Prompt —
Would you give the listing again exactly, without its images?

BEGIN Information shown

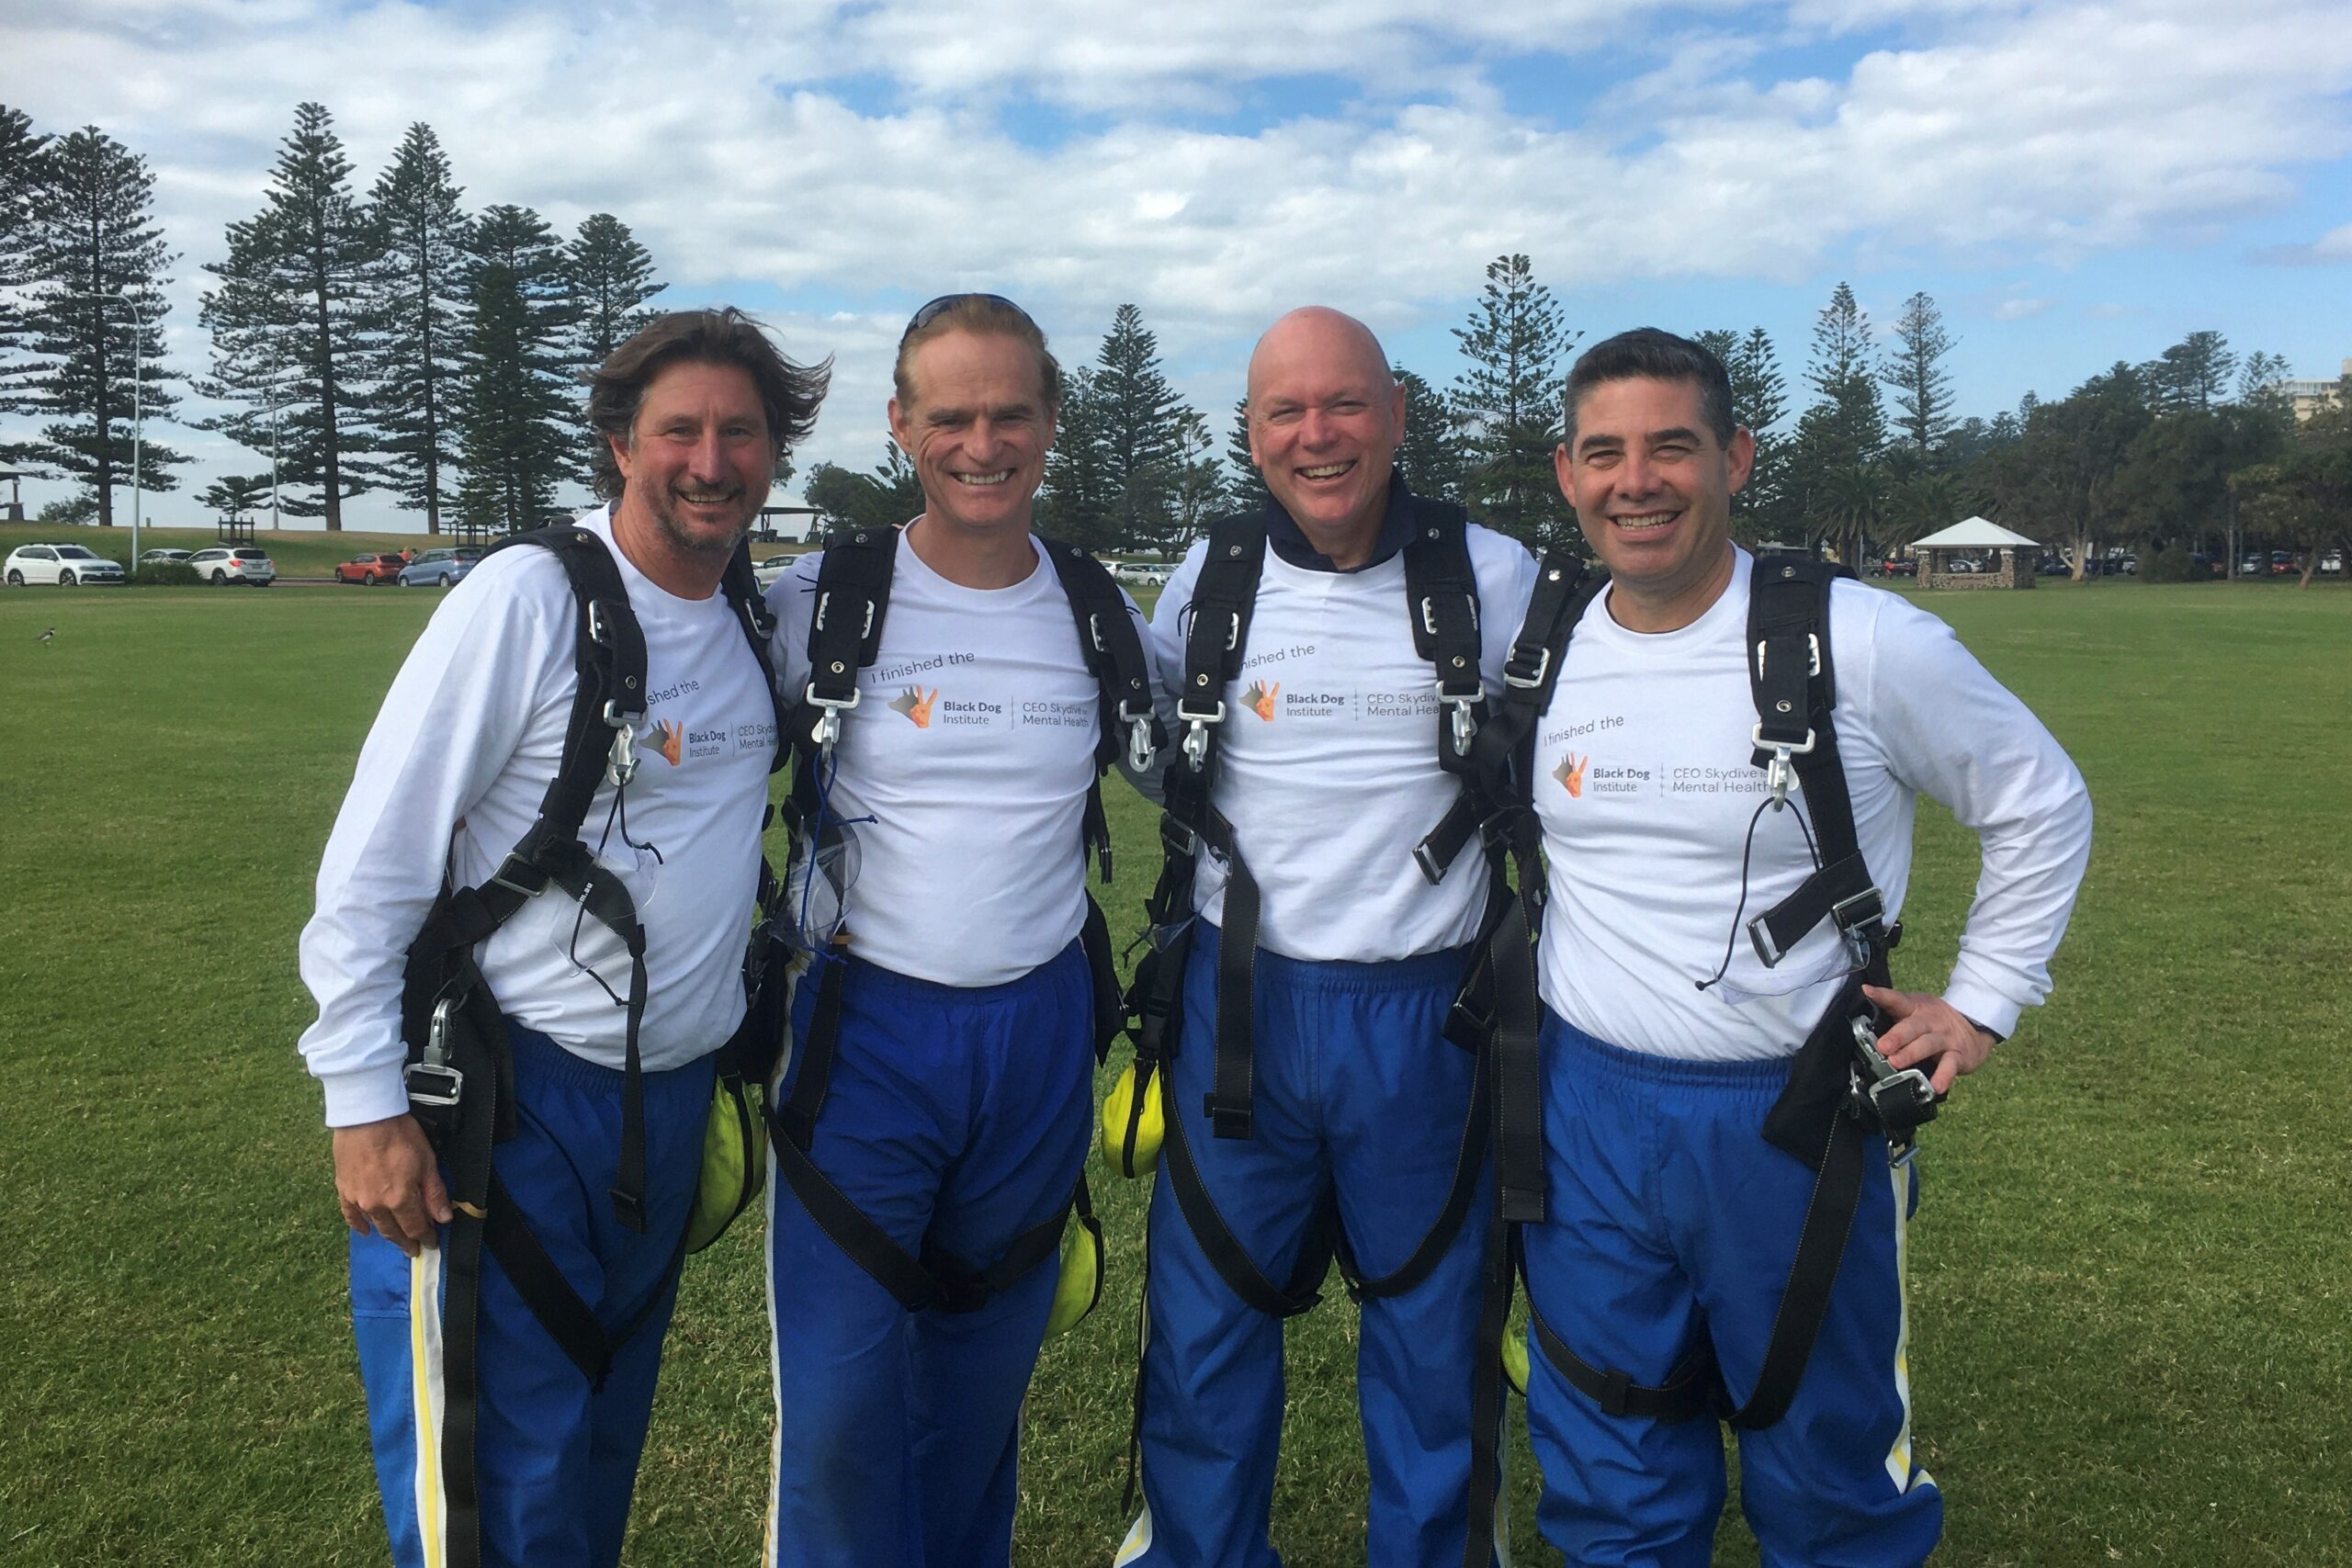 Insurance CEOs Skydive A
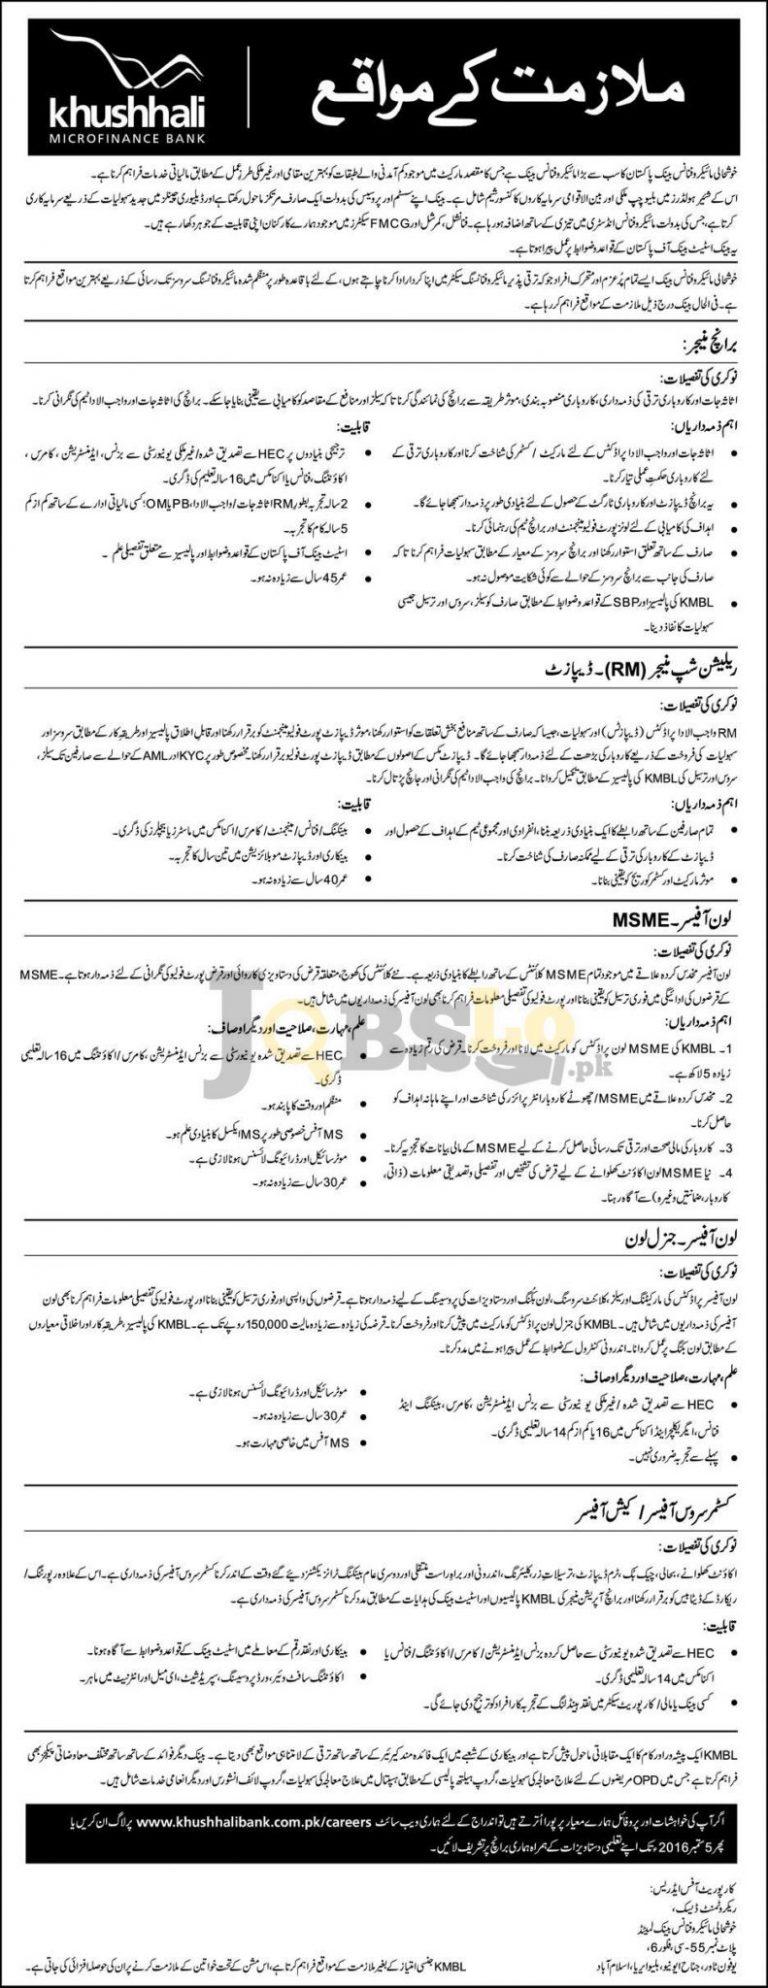 Khushhali Bank Jobs 2016 Pakistan KBL Latest Add Online Apply
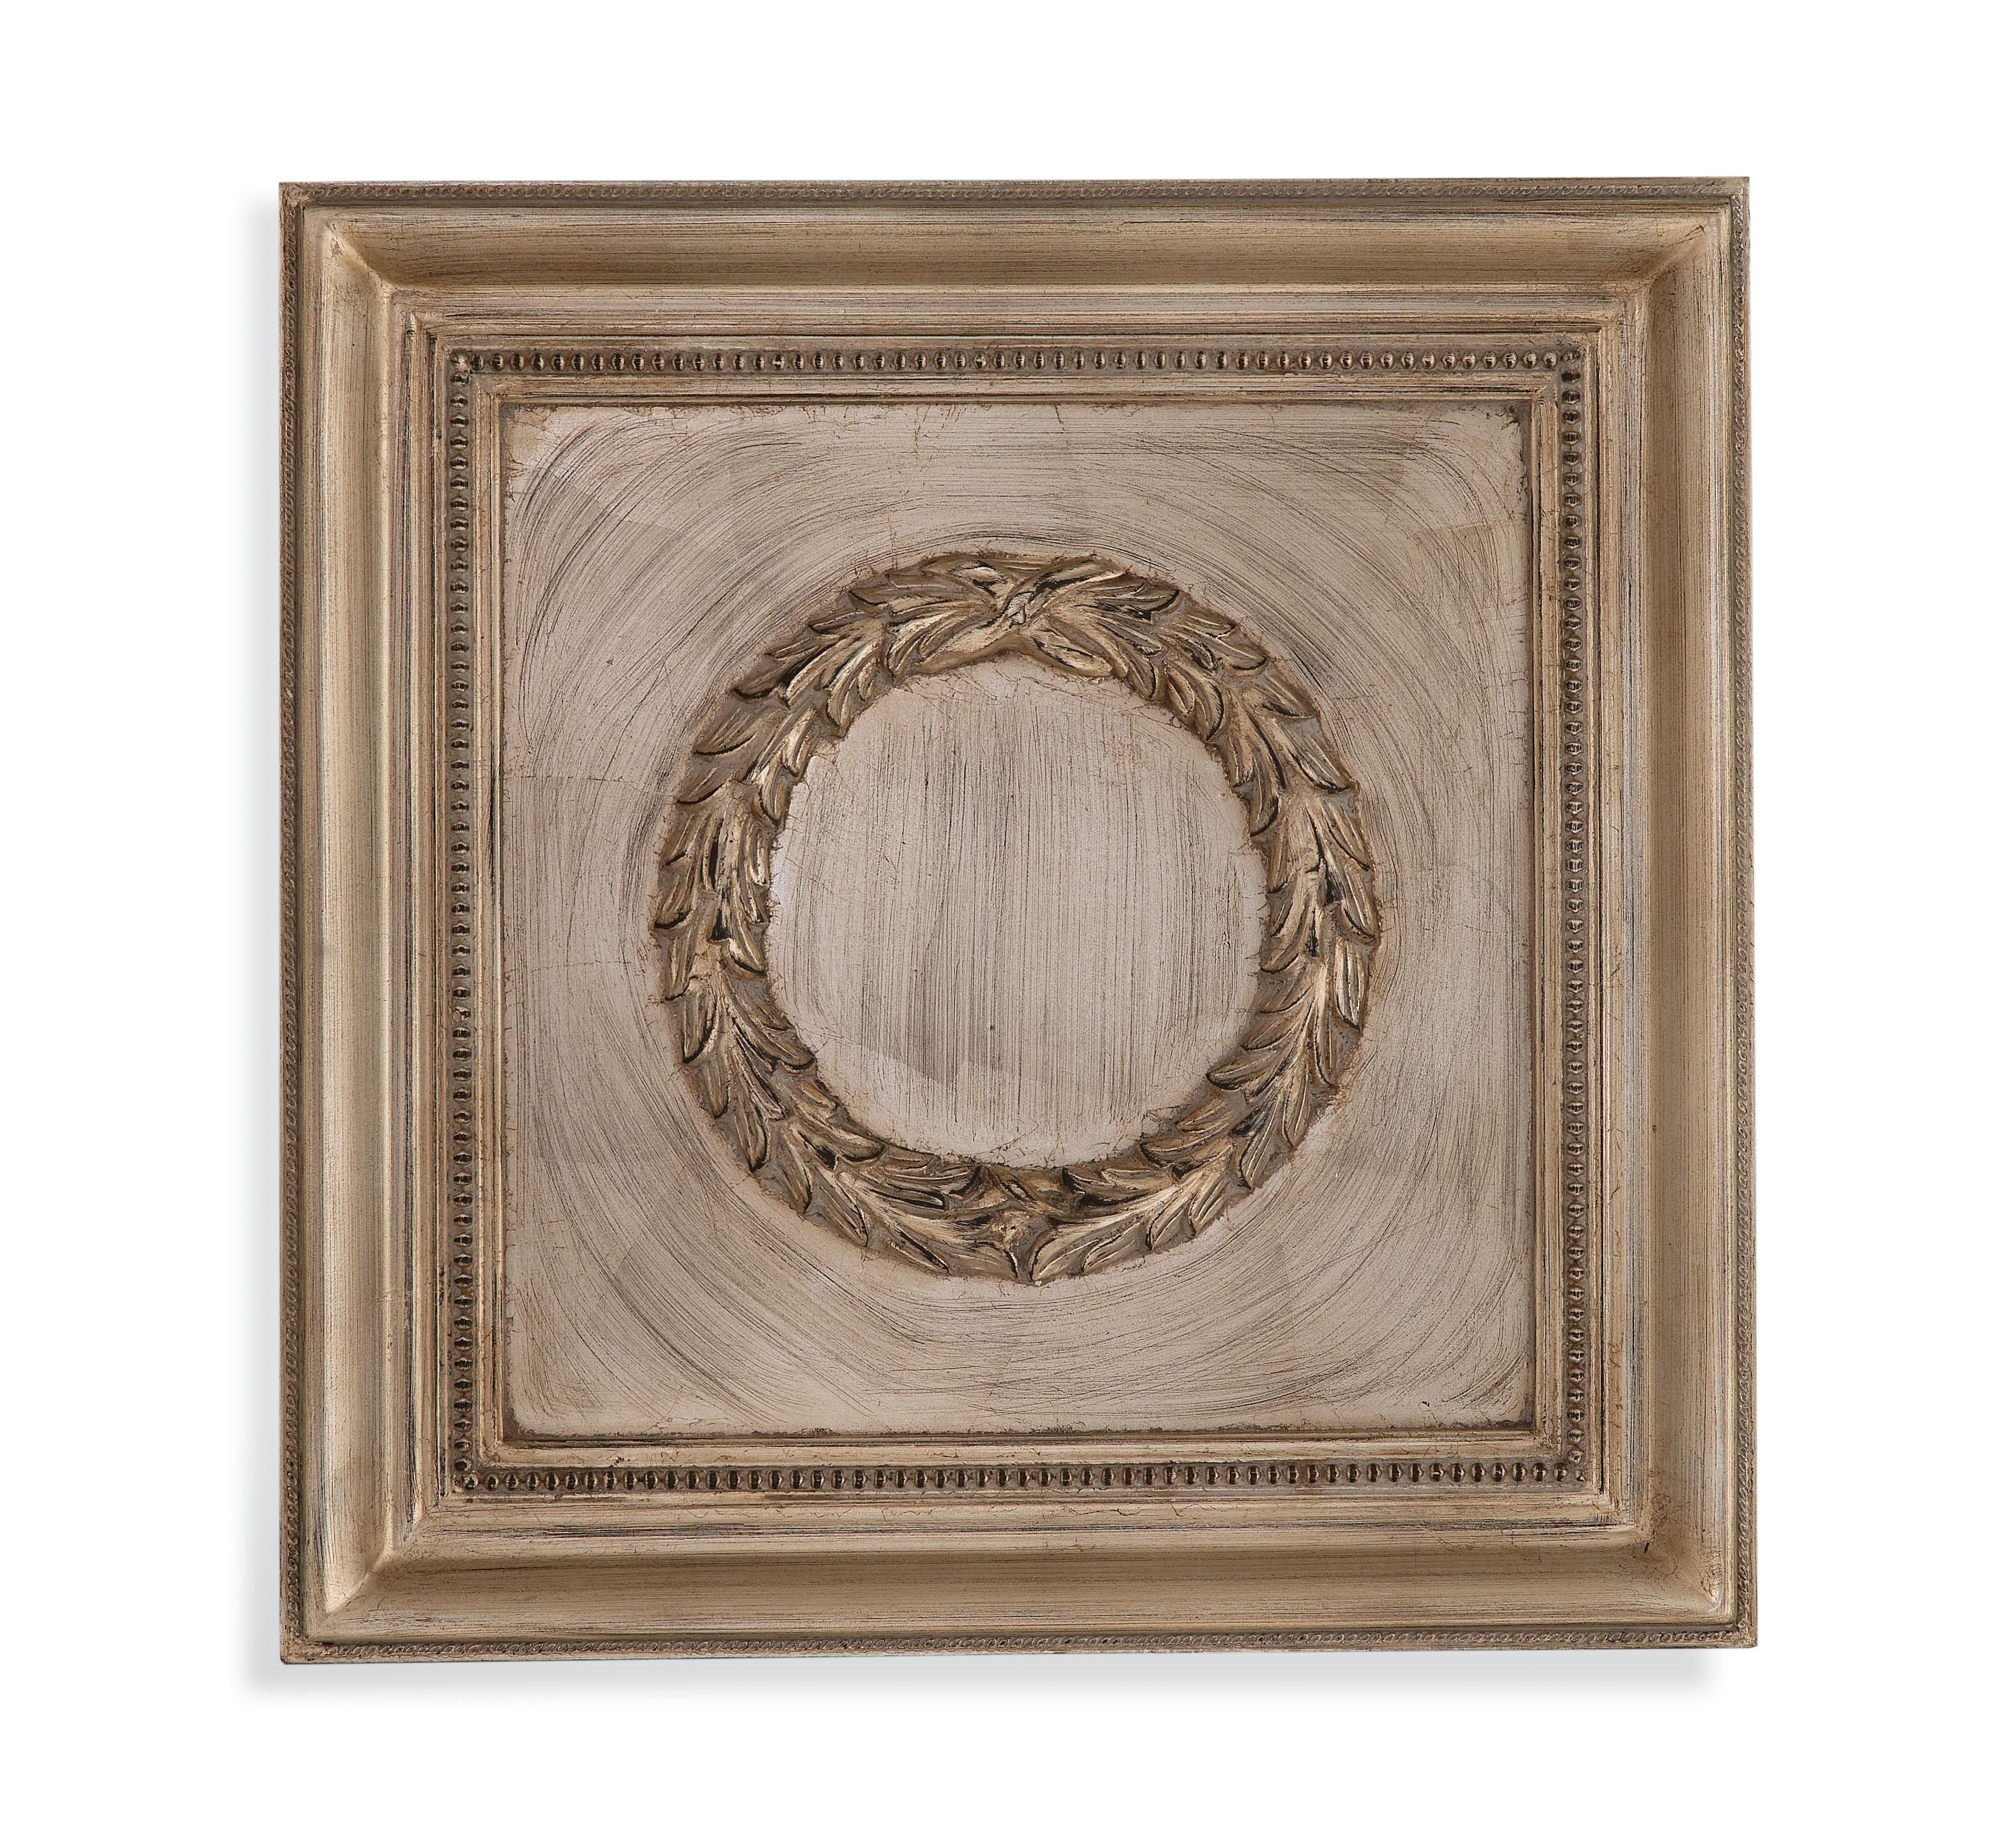 Hollywood Glam Laurel Wreath Wall Medallion by Bassett Mirror at Alison Craig Home Furnishings

END Information shown

Reply to the exercise —
 Insurance CEOs Skydive A
 Khushhali Bank Jobs 2016 Pakistan KBL Latest Add Online Apply
 Hollywood Glam Laurel Wreath Wall Medallion by Bassett Mirror at Alison Craig Home Furnishings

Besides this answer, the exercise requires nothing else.